During the same period, pre-tax profits increased by 154pc from €2.83m to €7.2m at the Japanese-headquartered company.
Directors for the company’s EMEA (Europe, Middle East and Africa) business explained: “Given the changes in the global tax environment, Trend Micro has reviewed its European operating structure and, from January 1, 2021, moved to a limited risk distributor (LRD) model from the previous commissionaire structure.”
The directors say that up to January 1, 2021, Trend Micro EMEA operated as principal for the European region.
They add that it transacted with related party commissionaire entities for the sale and distribution of internet security products within most material territories in Europe.
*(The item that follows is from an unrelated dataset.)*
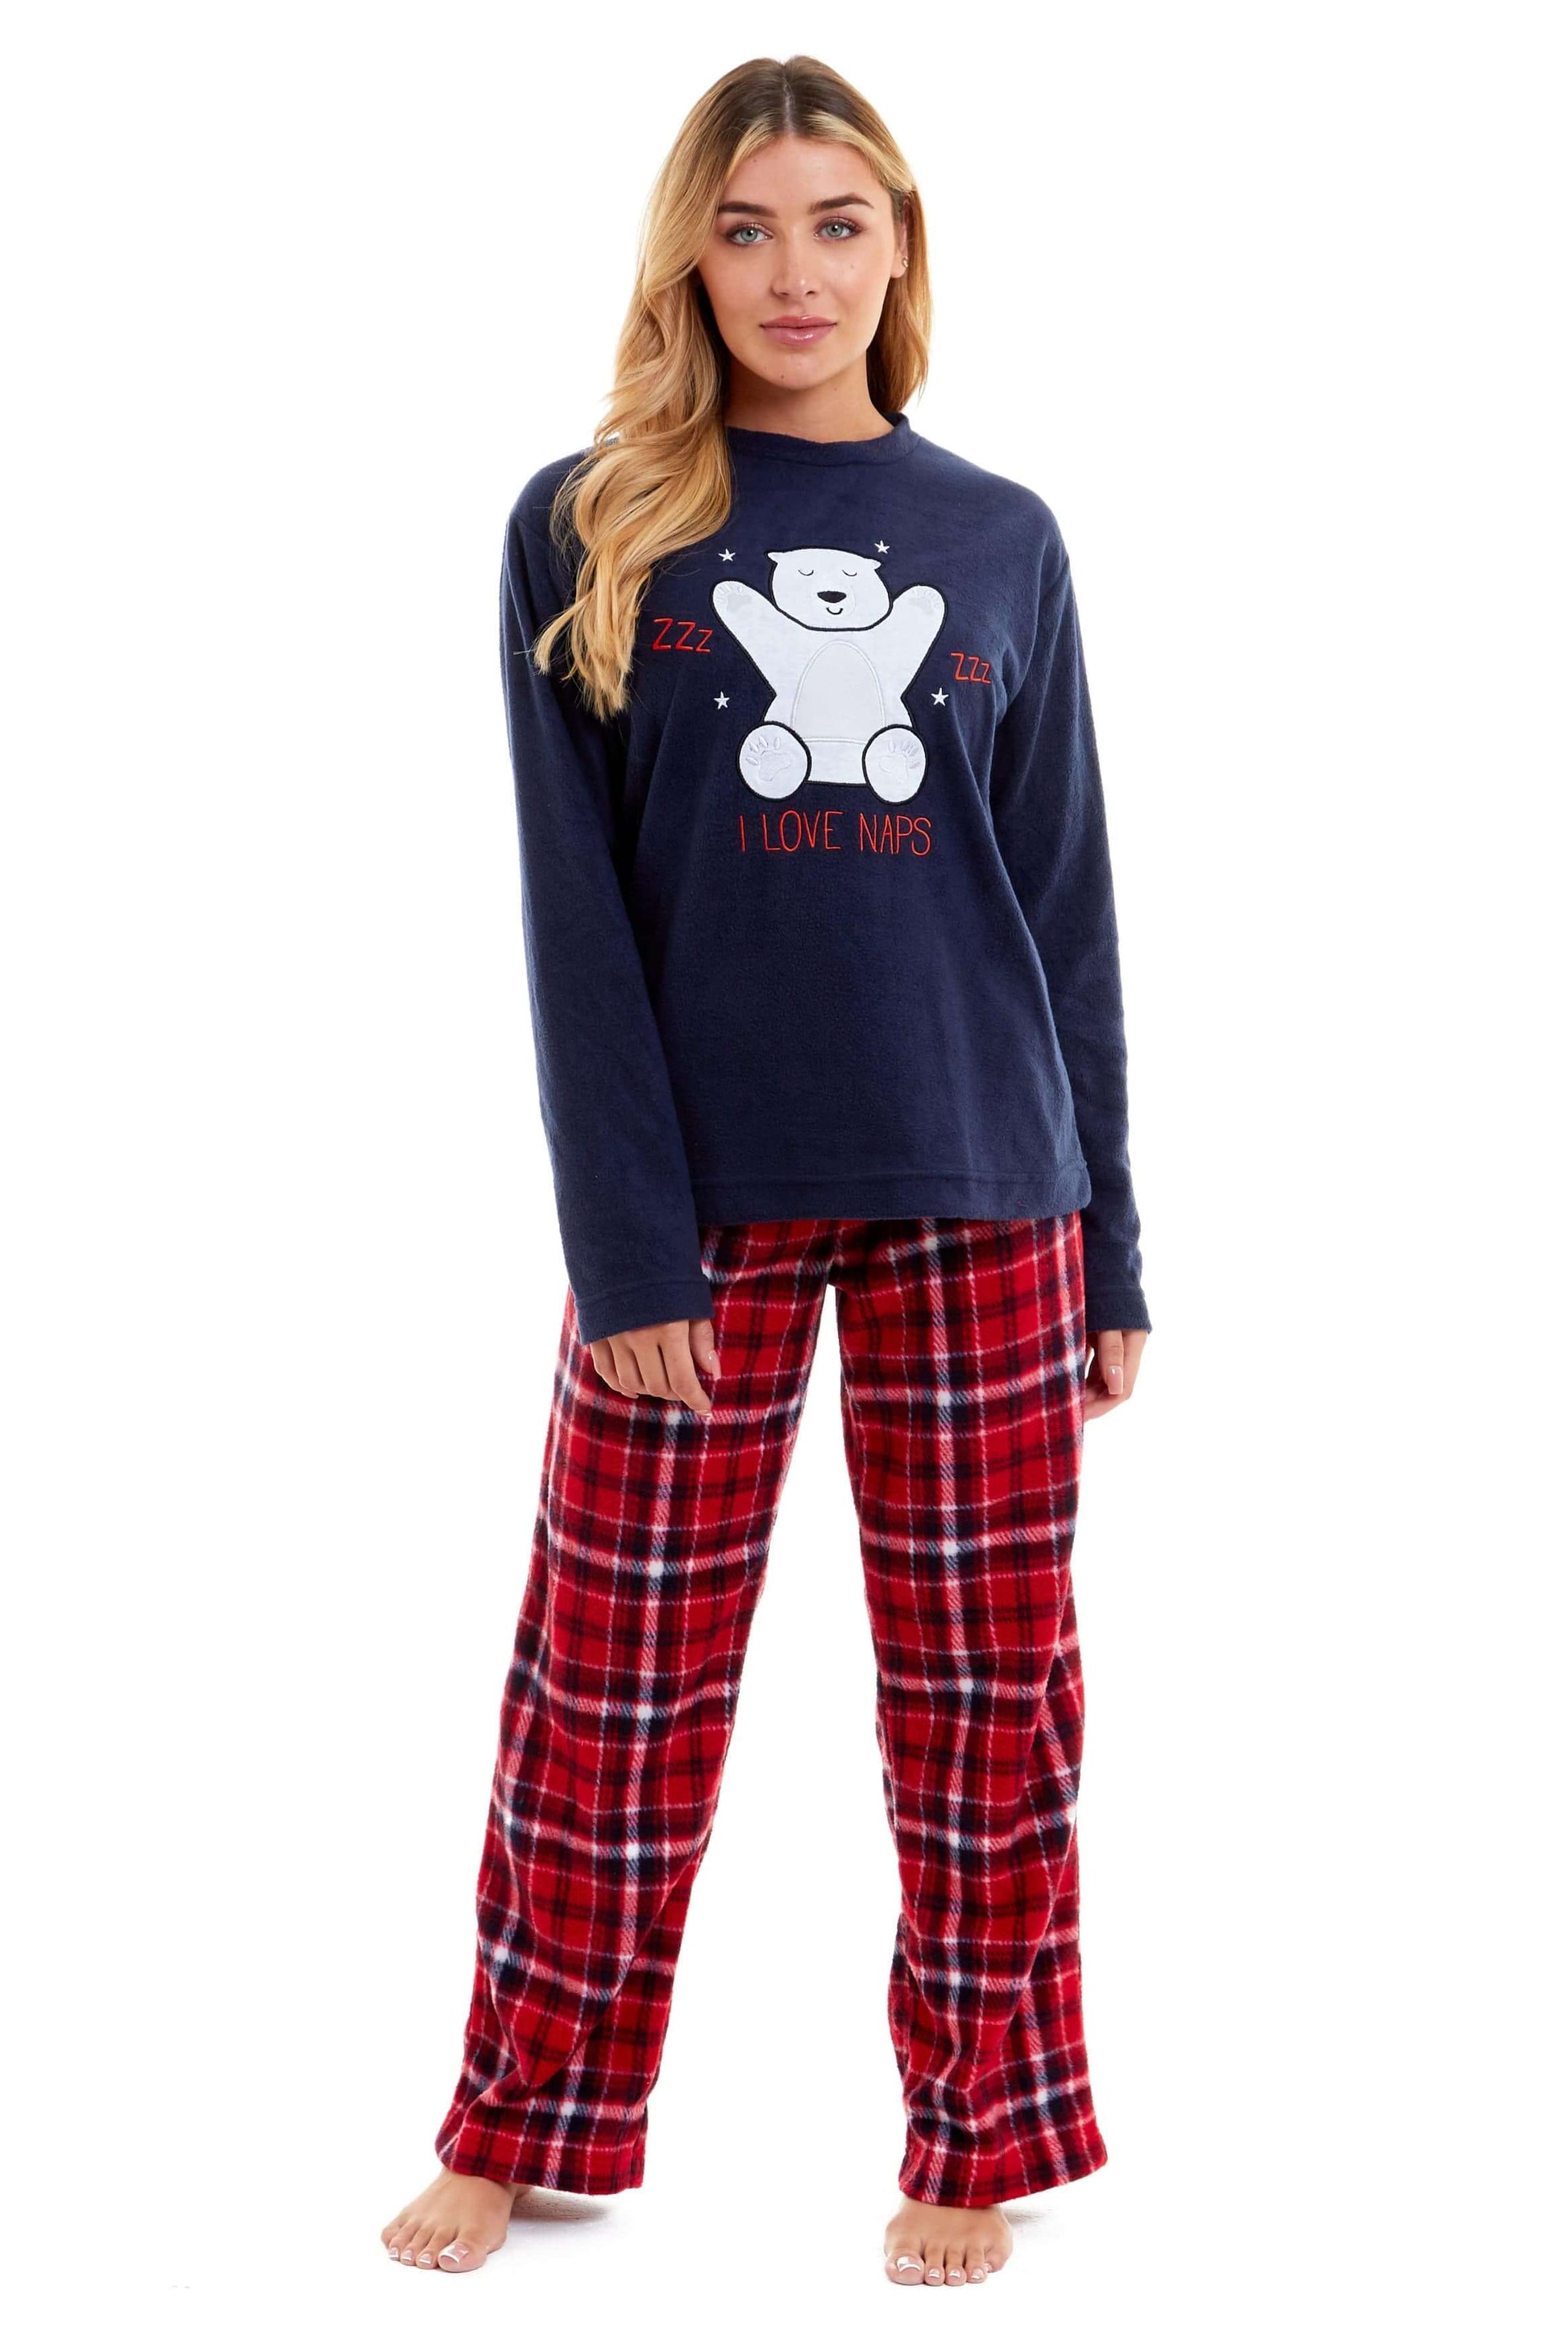 Polar Bear Fleece Pyjama Set, Cosy Everyday Loungewear, Christmas Gift Idea. Buy now for £17.00. A Pyjamas by Daisy Dreamer. 12-14, 16-18, 18-20, 8-10, animal, blue, check, christmas, daisy dreamer, festive, fleece, gift, ladies, long sleeve, loungewear,
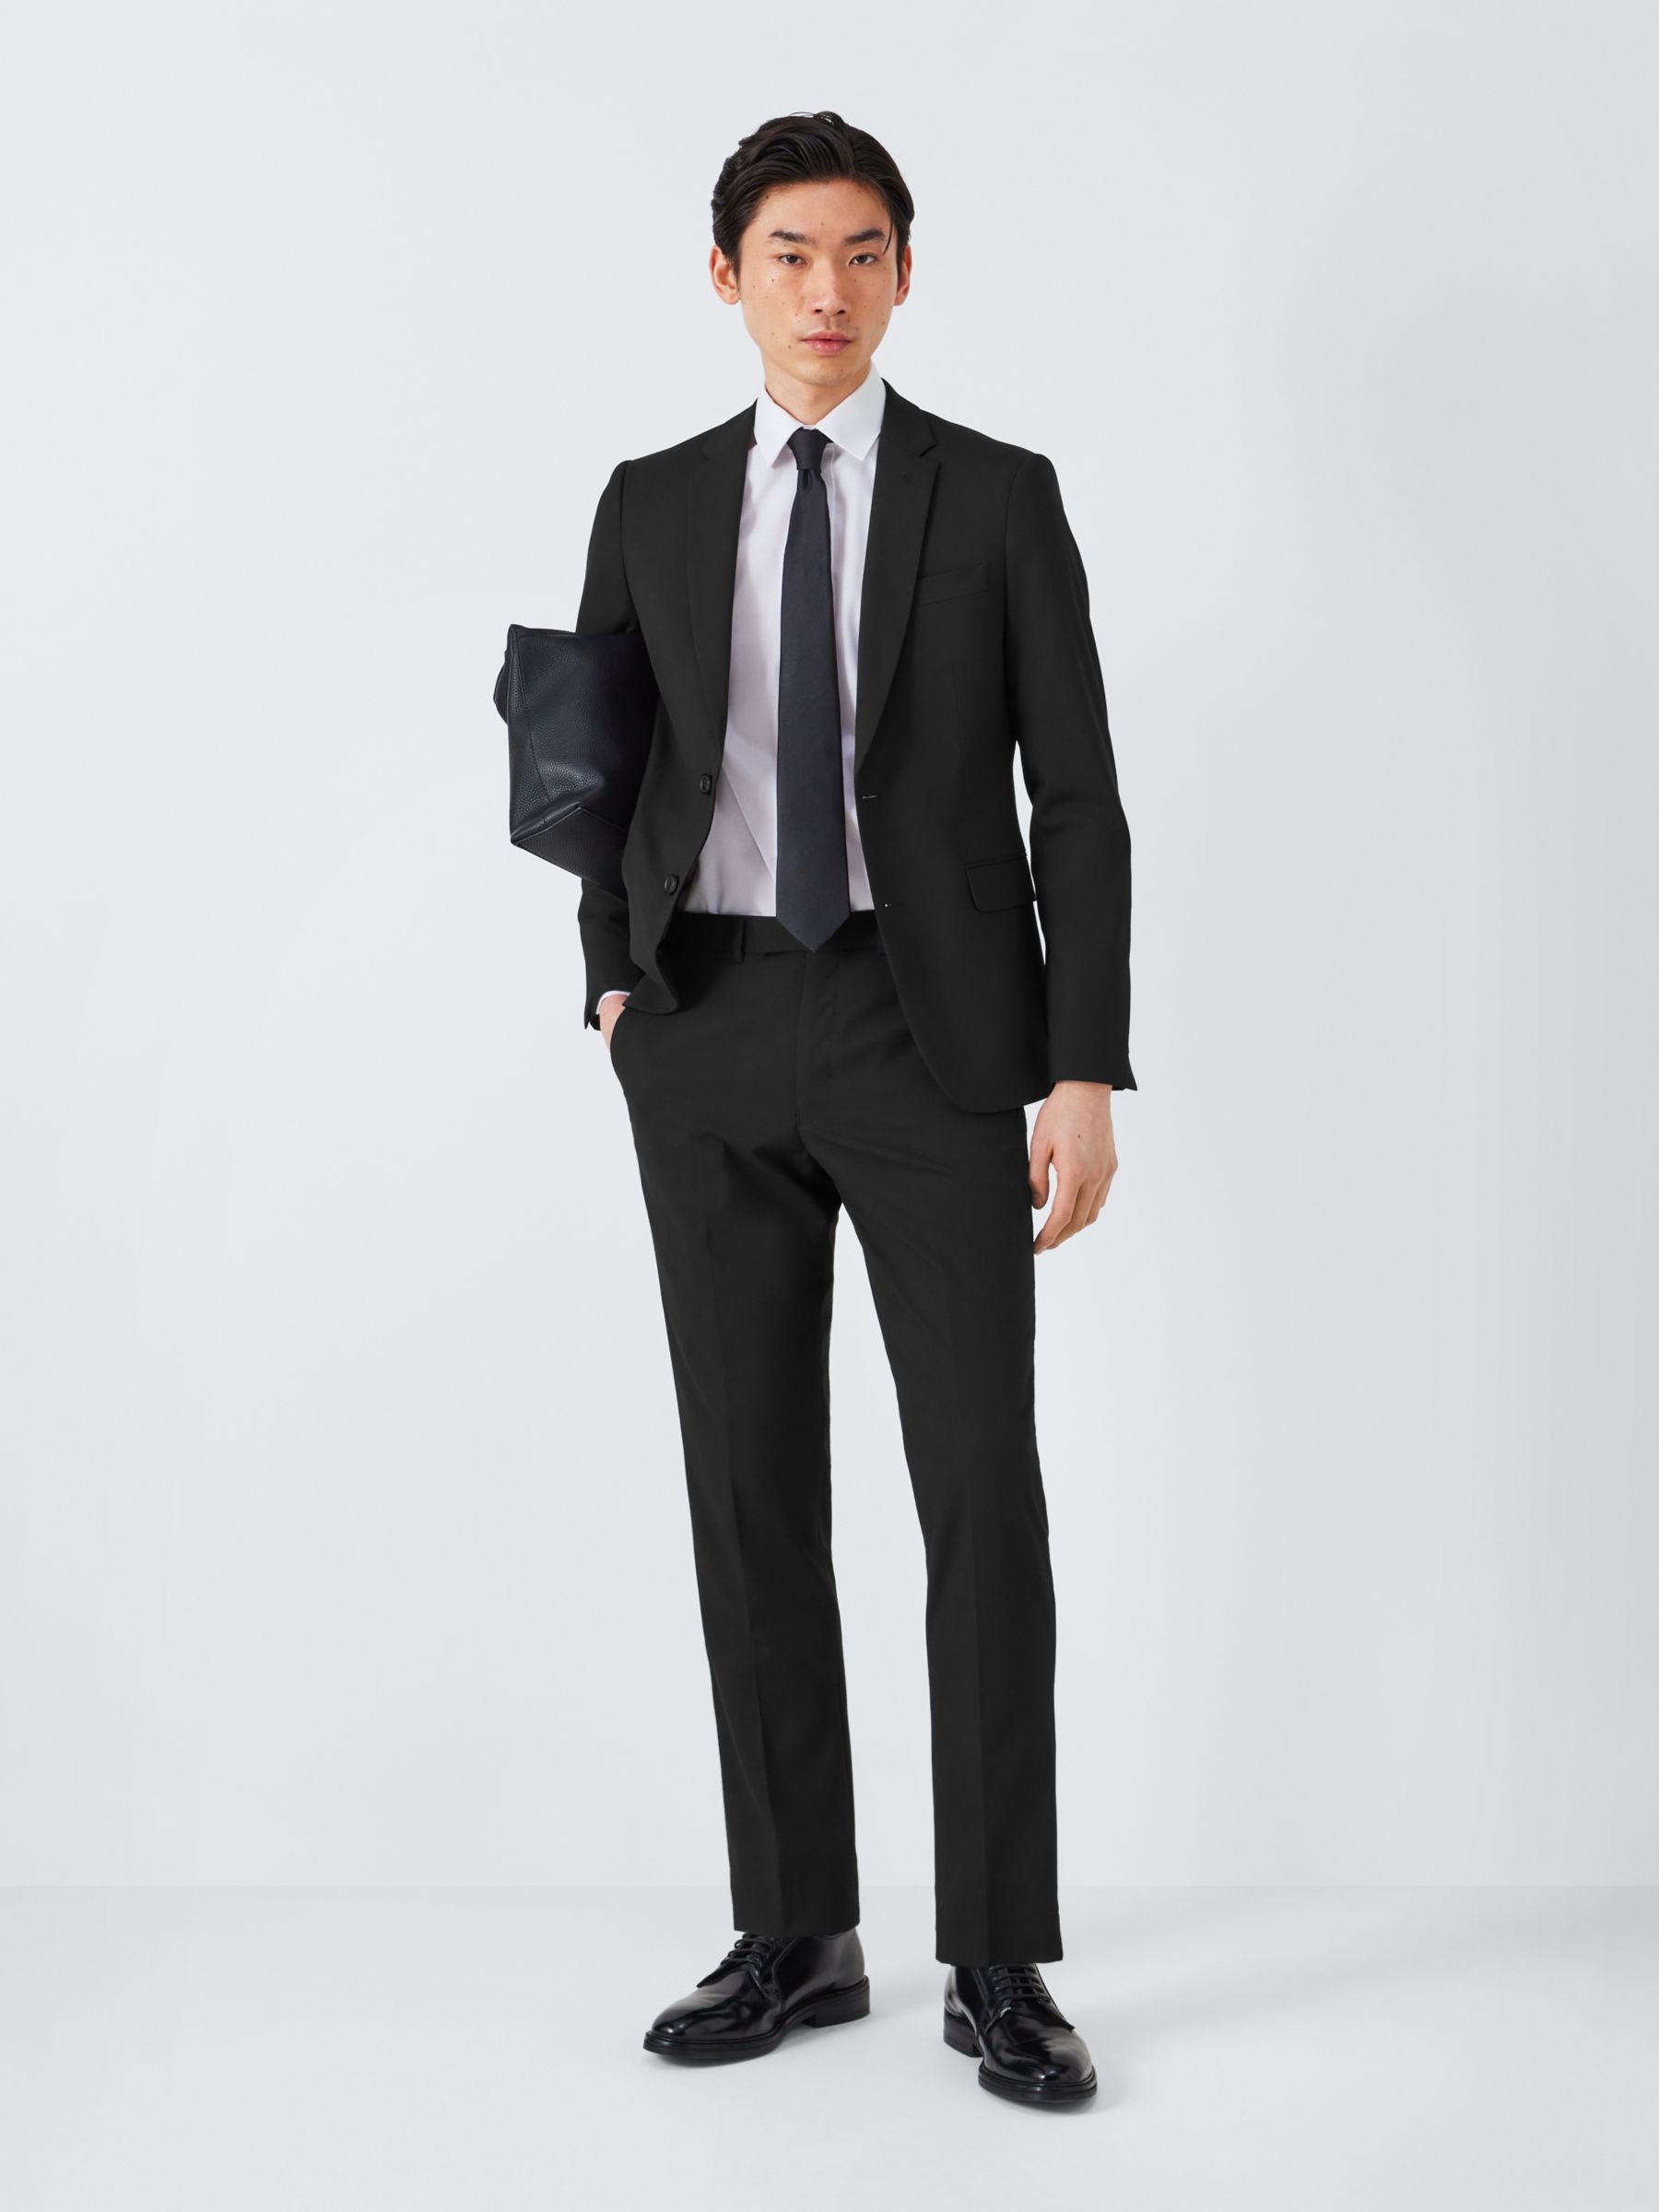 Slim Fit Black Suit- Coat & Pant Only - Tux & Suit rentals or sales

Under the new structure, Trend Micro EMEA remains a principal for its branch entities and acts as the master LRD within Europe.
However, the directors state: “It no longer acts as principal for the most material territories in Europe – Germany, France, the UK and Italy – and the Trend Micro legal entities within these countries now also operate as LRDs under the new structure.
“There is a desire to ensure consistency across the group in relation to remuneration for subsidies and branches where they have undertaken similar activities.”
They added: “The major focus is to reduce risk in operating in Europe with this new model and to align with global tax strategy.”
The directors state that revenues decreased due to the change in operating structures, while profits increased by 154pc due to the change in operating structure and other operating factors.
The number of people employed in the business last year increased from 442 to 448 and staff costs increased from €45.79m to €49.34m.
A breakdown of employment figures show that 175 were employed in sales and marketing, 261 in ‘other’ and 12 in human resources.
The staff costs included share-based payments of €714,000.
Pay to directors last year totalled €1.38m. This was made up of emoluments of €1.01m; €208,000 under long-term incentive schemes; €120,000 in termination payments and €36,000 in pension contributions.
The company’s after-tax profits last year totalled €5.3m after paying corporation tax of €1.89m.
The corporation tax bill was more than twice as high as it had been in 2020, when Trend Micro paid out €864,000.
The chief factor for this was €903,000 paid out under the heading of ‘foreign tax’, compared to €504,000 paid out in foreign tax in 2020.